While we think of the moon as a static place, sometimes an event happens that reminds us that things can change quickly.

On March 4, a human-made object (a rocket stage) slammed into the moon and left behind a double crater, as seen by NASA’s Lunar Reconnaissance Orbiter (LRO) mission.

Officials announced June 23 that they spotted a double crater associated with the event. But what’s really interesting is there’s no consensus about what kind of rocket caused it.

China has denied claims that the rocket was part of a Long March 3 rocket that launched the country’s Chang’e-5 T1 mission in October 2014, although the orbit appeared to match. Previous speculation suggested it might be from a SpaceX rocket launching the DISCOVR mission, but newer analysis has mostly discredited that.

On a broader scale, the value of LRO observations like this is showing how the moon can change even over a small span of time. The spacecraft has been in orbit there since 2009 and has spotted numerous new craters since its arrival.

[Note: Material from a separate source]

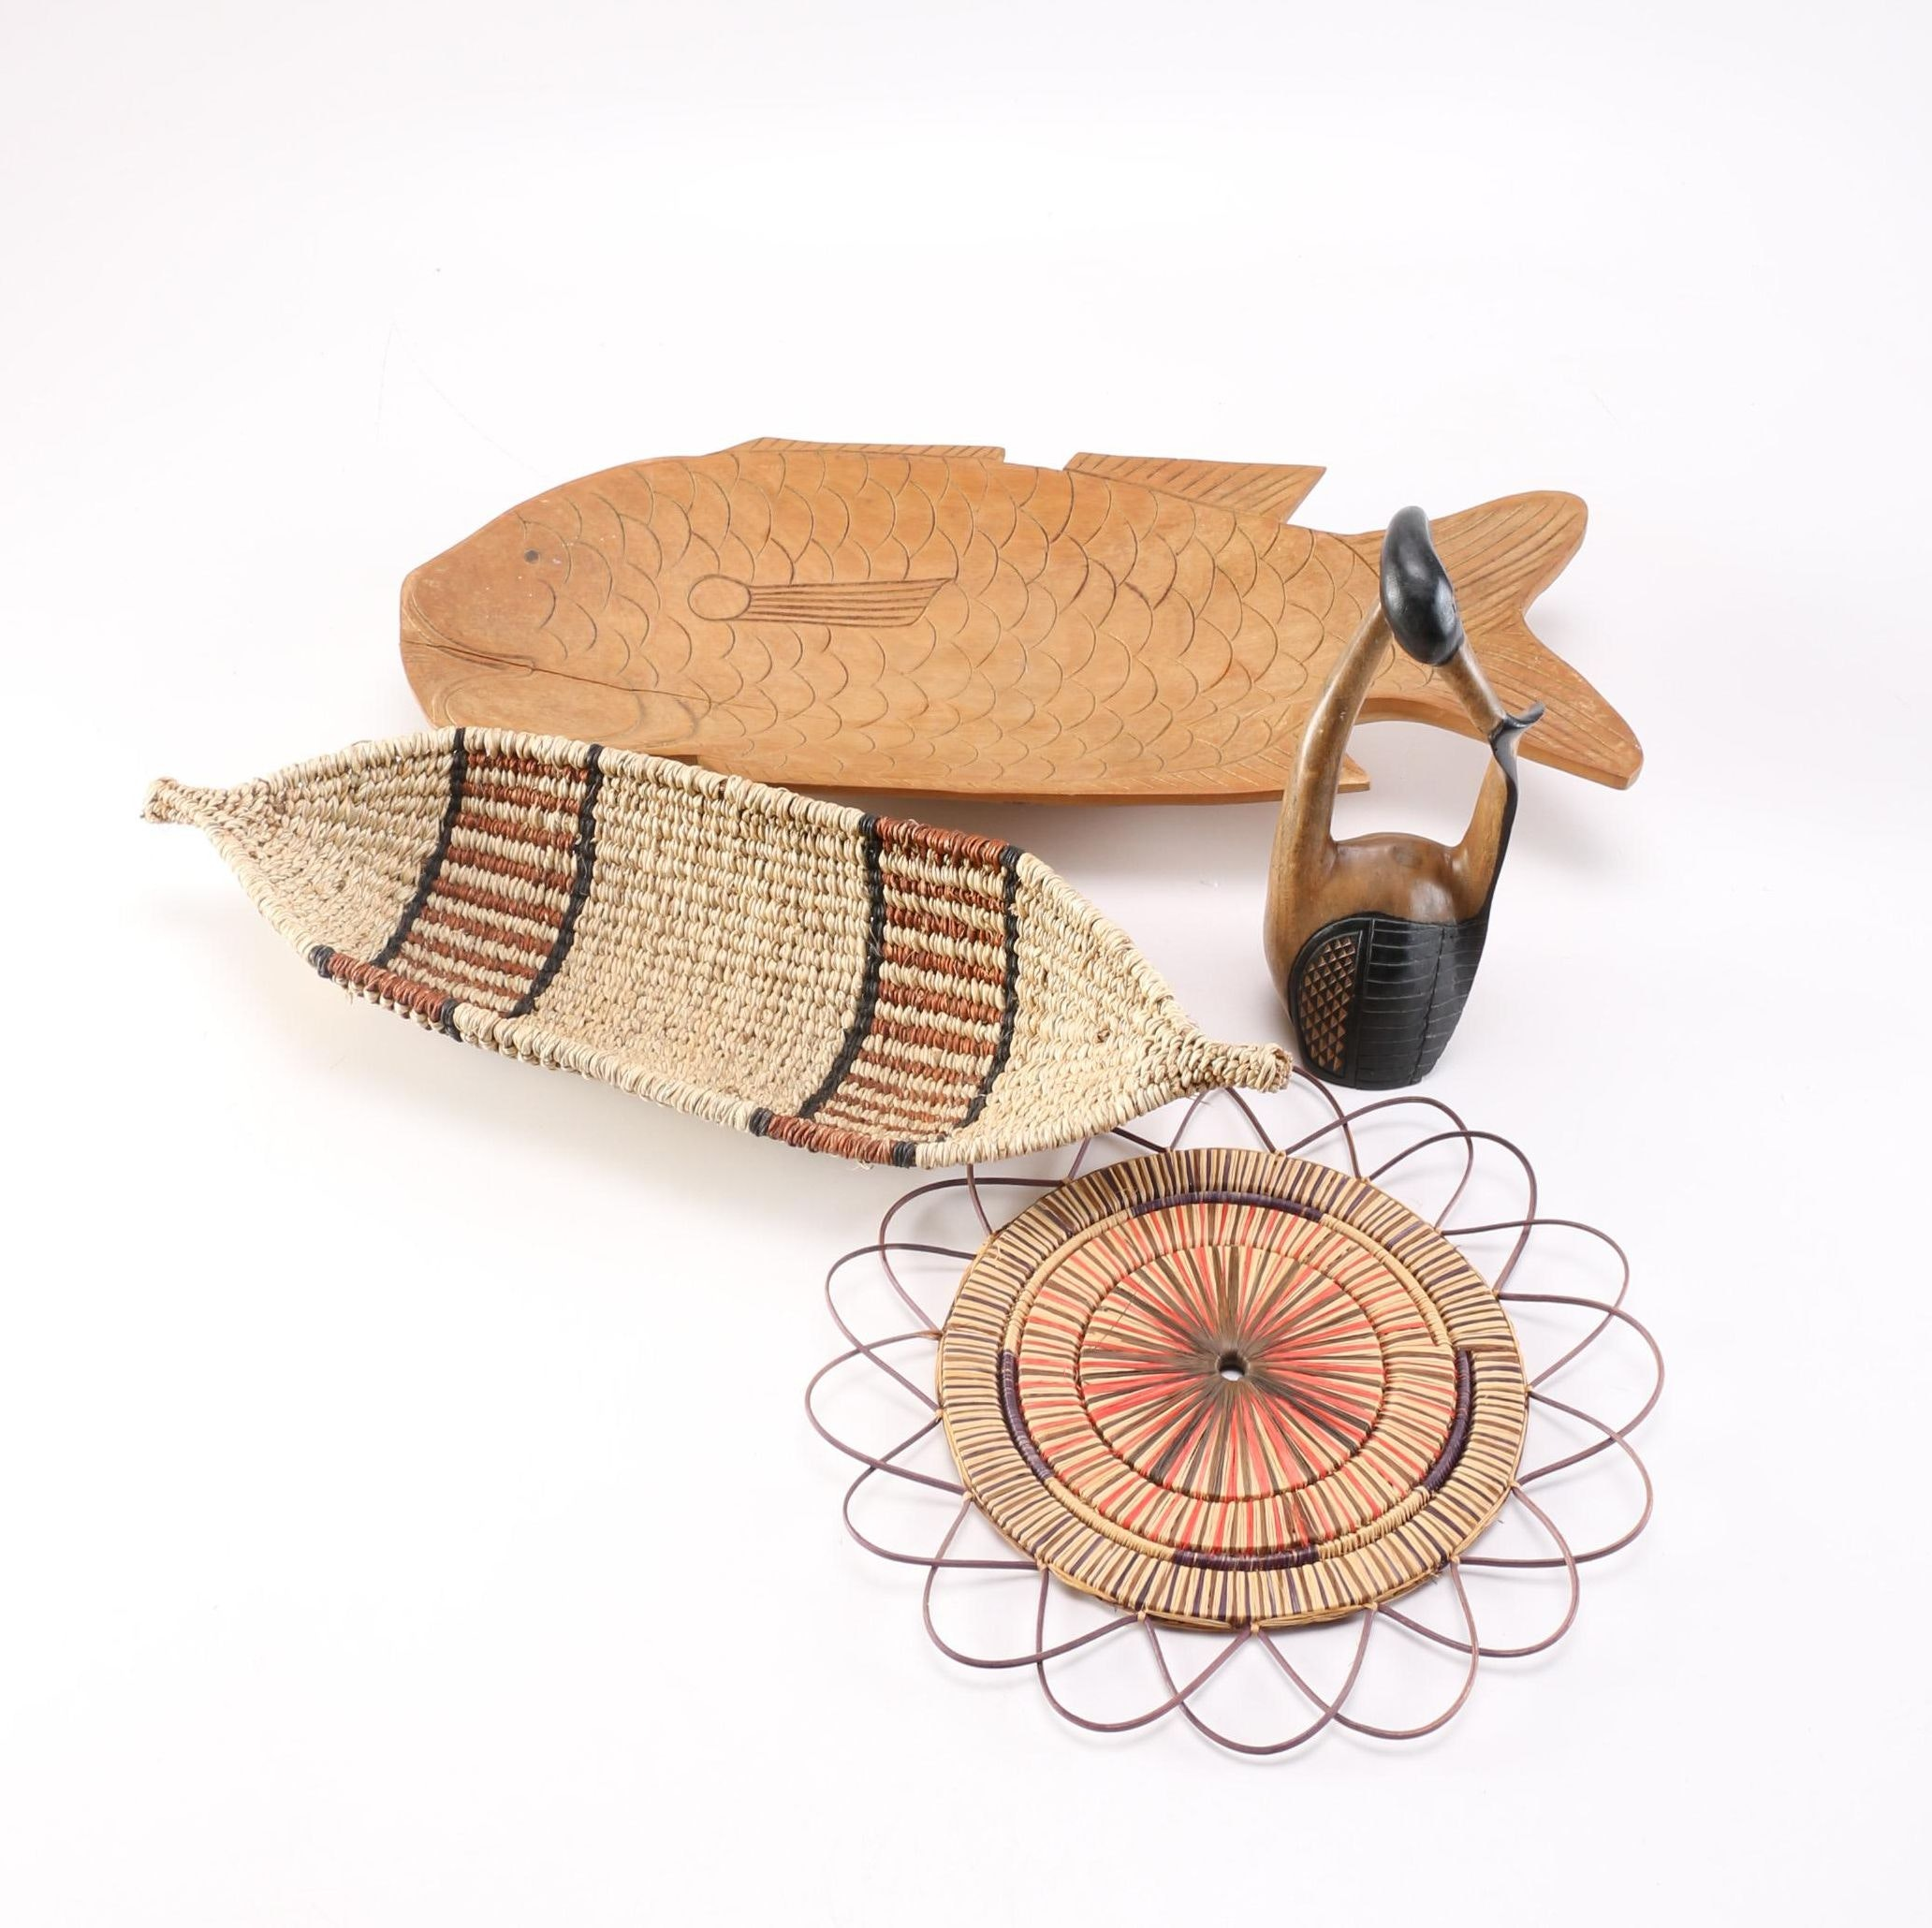 Handmade Wooden and Basket Decor

It’s also a great spacecraft scout, having hunted down the Apollo landing sites from orbit and also having tracked down a few craters from other missions that slammed into the moon since the dawn of space exploration.

It may be that humans return to the moon for a closer-up look in the coming decade, as NASA is developing an Artemis program to send people to the surface no earlier than 2025.

LRO will also be a valuable scout for that set of missions, as the spacecraft’s maps will be used to develop plans for lunar bases or to help scout safe landing sites for astronauts.